Феноменологическая психиатрия и экзистенциальный анализ уже в самом своем названии несут неизменно возникающую в сознании отсылку к феноменологии. Наиболее простым здесь оказывается следующий вывод: они являются результатом экстенсивного развития феноменологии Гуссерля и фундаментальной онтологии Хайдеггера. Но при более пристальном взгляде оказывается, что не все так просто. «Психиатрическая феноменология имеет более разнообразные источники, чем те, к которым отсылает сам термин»[115], – совершенно справедливо отмечает Жорж Шарбонно. Гуссерлианская феноменология подчас останавливается на полпути, а фундаментальная онтология оборачивается иногда своей противоположностью
Разгадка таких необычных трансформаций кроется в самом факте междисциплинарности данных направлений. Само пространство философской психиатрии, всегда содержащее в себе такие противоречивые составляющие, как теория и практика, философия и клиника и т. д., будет выбирать, акцентировать и отбрасывать по своим собственным законам. Иногда они так и останутся для исследователя за порогом понимания. Многие влияния войдут в концептуальную сетку, даже не будучи артикулированы, в отличие от чисто философских течений и направлений их невозможно будет воссоздать «по следам», поскольку «следы» эти, подтаяв под лучами горячего солнца психиатрической практики, уже не будут отсылать к своему референту. Охватить здесь всё – намерение, заранее обреченное на провал. Остается лишь наметить самое основное, решающее и наиболее заметное.

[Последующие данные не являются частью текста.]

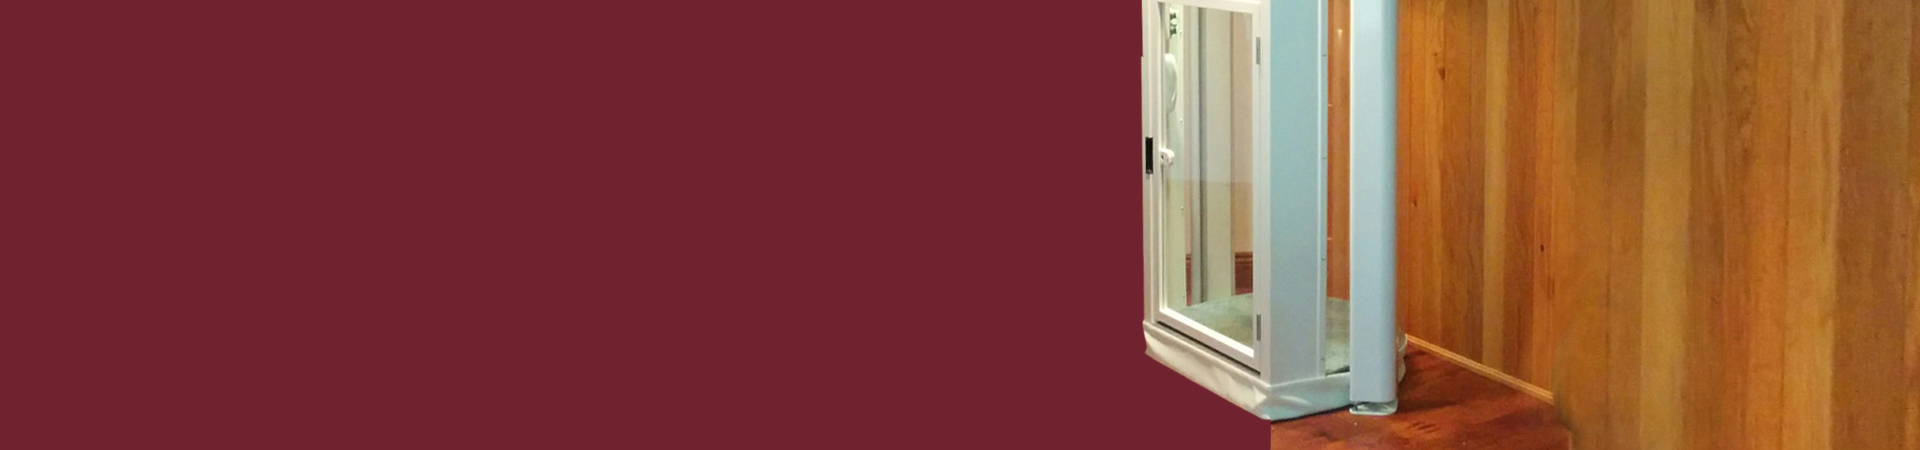 Home elevators illinois stair lifts platform elevators for Home elevators direct

Здесь необходимо сразу же оговорить два момента. Во-первых, специфика самого материала, в отношении которого характеризуются особенности философских влияний, диктует своеобразный ракурс рассмотрения той же феноменологии. В нем не всегда подходящими будут некоторые «программные» заявления философов и центральные моменты их критики, но это тем не менее не означает, что в данной работе они не были учтены. Разумеется, этот анализ не состоялся бы без кропотливого изучения как трудов классиков, так и замечательных критических работ по феноменологии Гуссерля, фундаментальной онтологии Хайдеггера, философской антропологии Шелера, философии жизни и т. д. К тому же необходимо отметить, что в этой главе мы касаемся лишь влияний, общезначимых для всех представителей феноменологической психиатрии и экзистенциального анализа, оставляя частные влияния для соответствующих глав.
Во-вторых, в какой-то степени в западной и во многом в отечественной исследовательской литературе (как это ни странно при всей ее скудости) сложилась определенная традиция рассмотрения философского подтекста феноменологической психиатрии и экзистенциального анализа. Как правило, такие работы строятся по одному и тому же плану: обширное изложение опорных пунктов феноменологии Гуссерля и фундаментальной онтологии Хайдеггера без всяких отсылок к механизмам и путям влияний этих положений, затем много меньшее по объему представление (или анализ) идей самих представителей указанных направлений и краткий вывод о влиянии. Можно предположить, что такая ситуация возникла по двум причинам: во-первых, сложности материала исследования, где установление однозначных параллелей между философским и клиническим крайне затруднительно, и во-вторых, для англоязычных, франкоязычных и русскоязычных ученых – из-за отсутствия переводов и крайней скудости самого материала. Ведь в последнем случае Хайдеггер и Гуссерль всегда под рукой.
Мы попытаемся построить наш анализ по-другому. В какой-то мере в этой главе мы, конечно, забегаем вперед, так как обсуждаем те влияния, конкретные примеры которых будут обозначены лишь при рассмотрении идей отдельных представителей, но всякая другая стратегия кажется нам здесь еще менее уместной. Мы последуем за той конкретностью, о которой так любили говорить персонажи нашего повествования, не будем заходить издалека: Гуссерль, Хайдеггер, Шелер и другие интересуют нас только применительно к феноменологической психиатрии и экзистенциальному анализу.